Ma che cosa comporta per la nostra vita quotidiana questo partire dall’Eucaristia per riaffermare il primato di Dio? La comunione eucaristica, cari amici, ci strappa dal nostro individualismo, ci comunica lo spirito del Cristo morto e risorto, e ci conforma a Lui; ci unisce intimamente ai fratelli in quel mistero di comunione che è la Chiesa, dove l’unico Pane fa dei molti un solo corpo (cfr 1Co 10,17), realizzando la preghiera della comunità cristiana delle origini riportata nel libro della Didaché: “Come questo pane spezzato era sparso sui colli e raccolto divenne una cosa sola, così la tua Chiesa dai confini della terra venga radunata nel tuo Regno” (IX, 4). L’Eucaristia sostiene e trasforma l’intera vita quotidiana. Come ricordavo nella mia prima Enciclica, “nella comunione eucaristica è contenuto l’essere amati e l’amare a propria volta gli altri”, per cui “un’Eucaristia che non si traduca in amore concretamente praticato è in se stessa frammentata” (Deus caritas est, ).
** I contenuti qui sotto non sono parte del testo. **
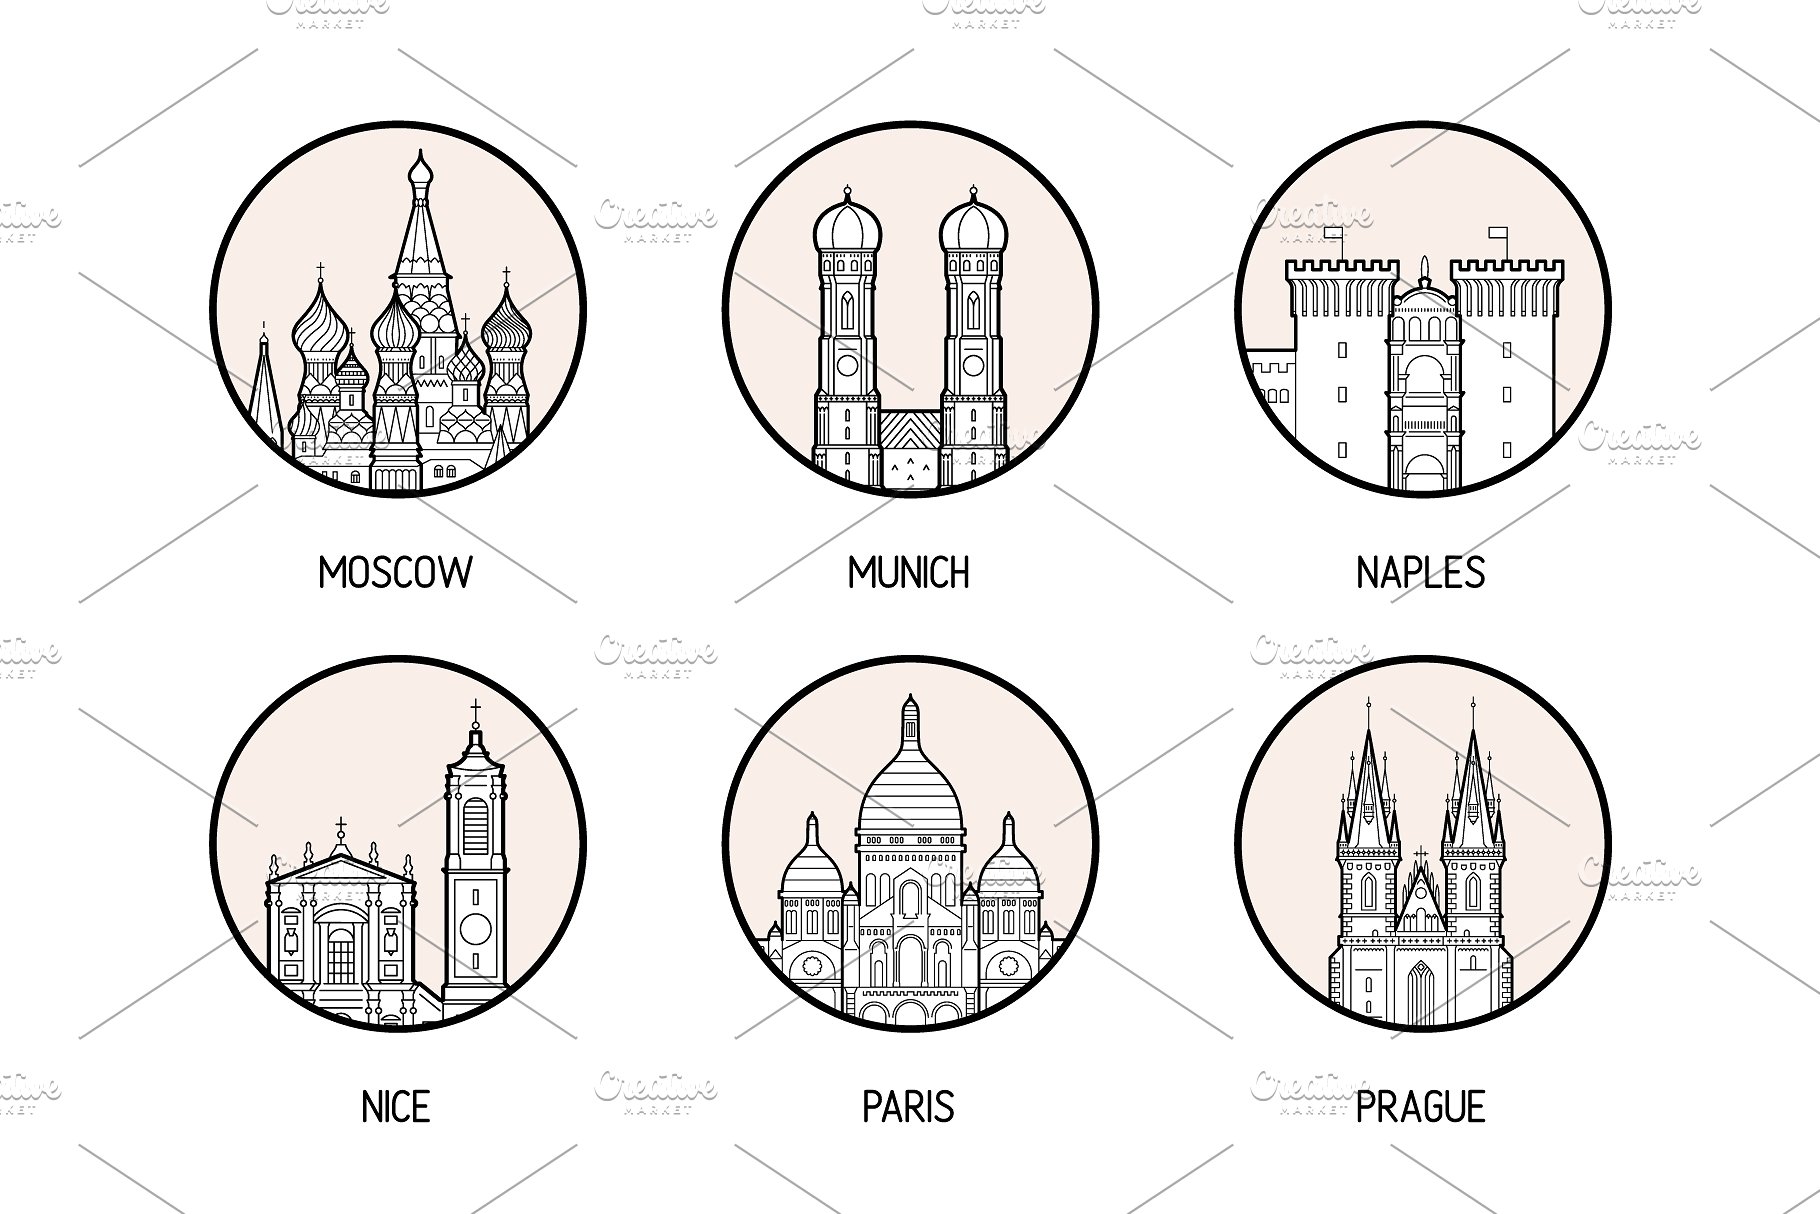 30个欧洲城市的徽章图标集合 Icons of 30 European cities插图(5)

La bimillenaria storia della Chiesa è costellata di santi e sante, la cui esistenza è segno eloquente di come proprio dalla comunione con il Signore, dall’Eucaristia nasca una nuova e intensa assunzione di responsabilità a tutti i livelli della vita comunitaria, nasca quindi uno sviluppo sociale positivo, che ha al centro la persona, specie quella povera, malata o disagiata. Nutrirsi di Cristo è la via per non restare estranei o indifferenti alle sorti dei fratelli, ma entrare nella stessa logica di amore e di dono del sacrificio della Croce; chi sa inginocchiarsi davanti all’Eucaristia, chi riceve il corpo del Signore non può non essere attento, nella trama ordinaria dei giorni, alle situazioni indegne dell’uomo, e sa piegarsi in prima persona sul bisognoso, sa spezzare il proprio pane con l’affamato, condividere l’acqua con l’assetato, rivestire chi è nudo, visitare l’ammalato e il carcerato (cfr Mt 25,34-36). In ogni persona saprà vedere quello stesso Signore che non ha esitato a dare tutto se stesso per noi e per la nostra salvezza. Una spiritualità eucaristica, allora, è vero antidoto all’individualismo e all’egoismo che spesso caratterizzano la vita quotidiana, porta alla riscoperta della gratuità, della centralità delle relazioni, a partire dalla famiglia, con particolare attenzione a lenire le ferite di quelle disgregate. Una spiritualità eucaristica è anima di una comunità ecclesiale che supera divisioni e contrapposizioni e valorizza le diversità di carismi e ministeri ponendoli a servizio dell’unità della Chiesa, della sua vitalità e della sua missione. Una spiritualità eucaristica è via per restituire dignità ai giorni dell’uomo e quindi al suo lavoro, nella ricerca della sua conciliazione con i tempi della festa e della famiglia e nell’impegno a superare l’incertezza del precariato e il problema della disoccupazione. Una spiritualità eucaristica ci aiuterà anche ad accostare le diverse forme di fragilità umana consapevoli che esse non offuscano il valore della persona, ma richiedono prossimità, accoglienza e aiuto. Dal Pane della vita trarrà vigore una rinnovata capacità educativa, attenta a testimoniare i valori fondamentali dell’esistenza, del sapere, del patrimonio spirituale e culturale; la sua vitalità ci farà abitare la città degli uomini con la disponibilità a spenderci nell’orizzonte del bene comune per la costruzione di una società più equa e fraterna.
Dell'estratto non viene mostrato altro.